Mich erkennst du z.B. daran das ich in Bikeklamotten (fahre ja eine Tour vorneweg) komme. (Gelbes Frammersbach Trikot).

Man sieht sich dann heute Abend 



Ray


----------



## MTB-News.de




----------



## Micro767 (22. April 2010)

Sorry, der Wille und der Vorsatz war da aber leider klappt es bei mir heute nicht :-(


----------



## raccoon78 (23. April 2010)

Upps, der erste 

Ich wollte nur mal schnell meinen Senf zu gestern Abend geben.

Scheee war´s 
Ich hatte mir eigentlich weniger erhofft.
Mal schauen was aus der Sache wird, ich bin auf jedenfall dabei

Gruß

Martin


----------



## rayc (23. April 2010)

Es waren 17 Biker anwesend. 

Habt etwas Geduld, in den nächsten Tagen wird es mehr Infos geben.

Ray


----------



## rayc (27. April 2010)

Ich schreibe mal, wie ich das Treffen wahrgenommen habe:

Es hat sich herausgestellt das wir sehr ähnliche Anforderungen an ein MTB-Wegenetz haben.

Soweit jetzt schon bekannt ist, verfolgen die Verantwortlichen dieses Projektes folgende Ziele:

- Förderung des Tourismus im Odenwald
- Kanalisierung in den Hotspots um Konflikte zwischen Wanderer und Biker zu minimieren

*Dieses Projekt wird vom GeoPark Odenwald geleitet.*
Es sind aber auch Vertreter aus Gemeinden/Landkreisen, der Forst und der OWK und weitere vertreten.

*Am 19. Mai, 10 Uhr ist ein Treffen* unter Leitung des GeoParks und den eben genannten Vertretern angesetzt.
Auf Biker-Seite sind Prä[email protected], [email protected], [email protected] und Bjö[email protected] (siehe weiter unten) dabei.
Wer auch teilnehmen will/kann sollte sich melden!

Wir respektieren das der GeoPark den Odenwald mit einen MTB-Wegenetz weiter touristisch erschließen will.
*Daraus darf sich für uns ansässige Biker aber keine Nachtteile ergeben!
*
Unsere Position (so meine Wahrnehmung) ist das wir wohlwollend einen Wegenetz gegenüberstehen, wenn gewisse Bedingungen erfüllt werden:
*- Das Biken auf Wegen außerhalb des Wegenetzes darf nicht eingeschränkt werden!
- Das Wegenetz muss einen entsprechend hohen Anteil an Trails haben.
- In Regionen mit geringen Trailanteil müssen MTB-Wege angelegt werden (das wäre der Vorteil, den wir daraus ziehen wollen)*

Es wurden auch konkrete Ideen genannt, wie ein Wegenetz auszusehen hat, aber das geht jetzt hier zu weit.

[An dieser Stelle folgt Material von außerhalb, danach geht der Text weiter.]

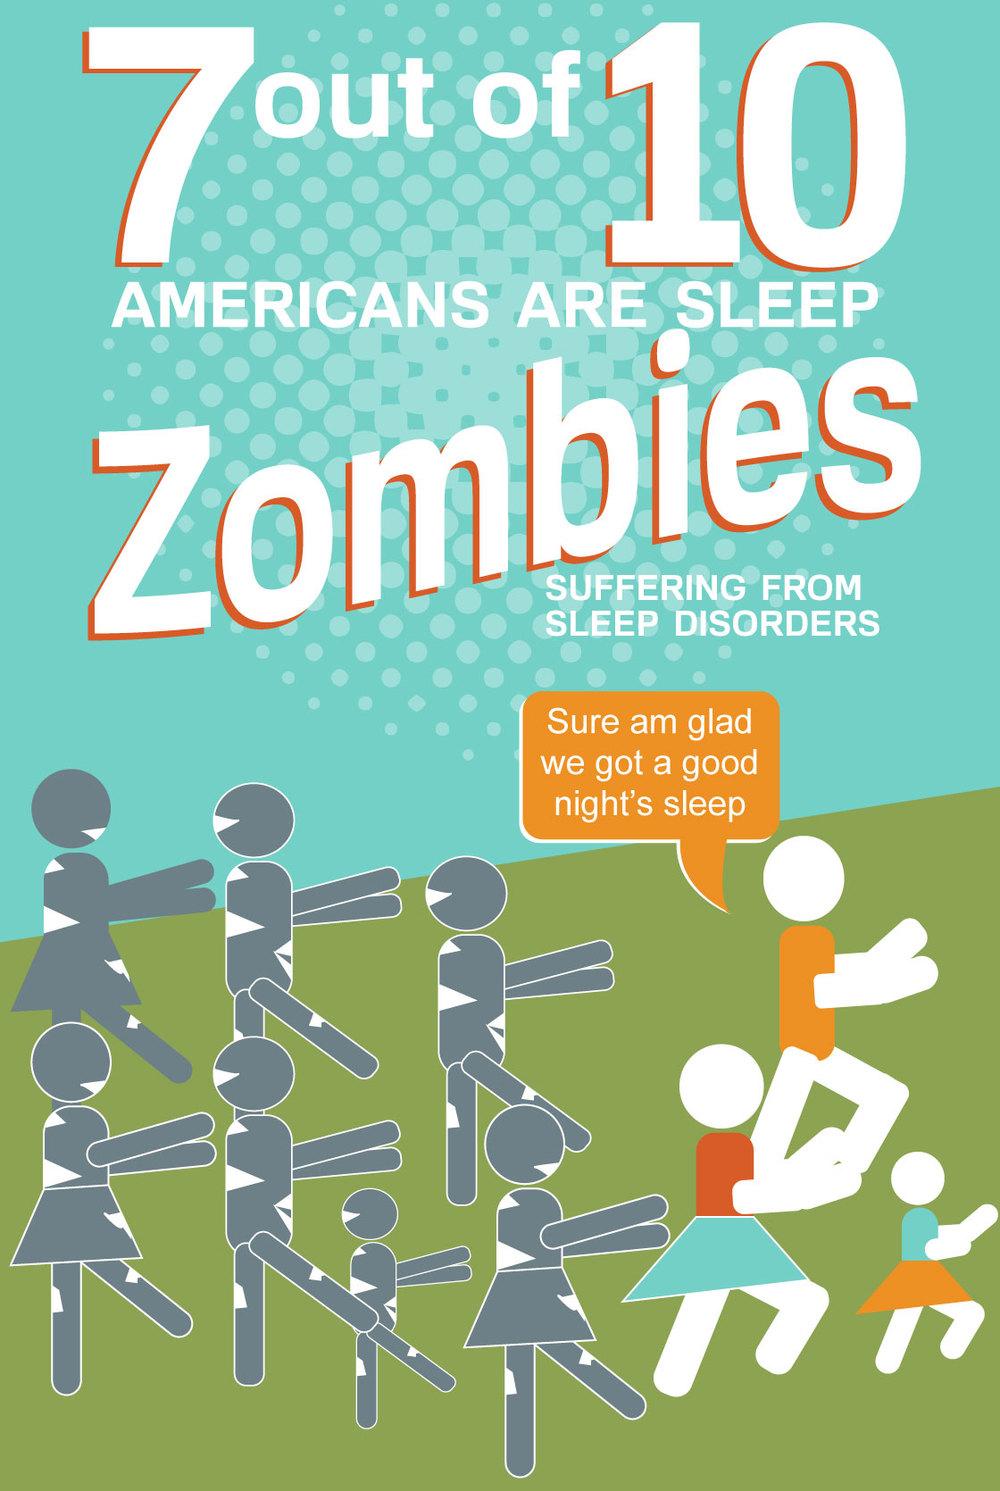 Sleep Zombie Poster

Momentan sind neben den DIMB einige andere aktiv, aber meist lokal.
Das sind Vereine und sogar einzelne Privatpersonen.

Um unsere Position zu stärken und auch die Aktivitäten zu koordinieren wäre es hilfreich eine zentrale Anlaufstelle zu haben.
Es ist extrem wichtig das der Informationsfluss zwischen diesen Akteuren auf Biker-Seite funktioniert (wer macht was, wann sind Treffen, welche Absprachen gibt es, ...).

*Unter den Dach der DIMB haben wir deshalb eine DIMB IG Odenwald gegründet.*
Von den anwesenden 17 Bikern sind etwa ein drittel DIMB-Mitglieder.
Björn Steinbock (DIMB-Mitglied) von http://www.odenwaldbike.de/team.html übernimmt die Rolle als iCEO der IG.
Die Führung muss keine Einzelperson machen, es können durchaus mehrere Personen sein.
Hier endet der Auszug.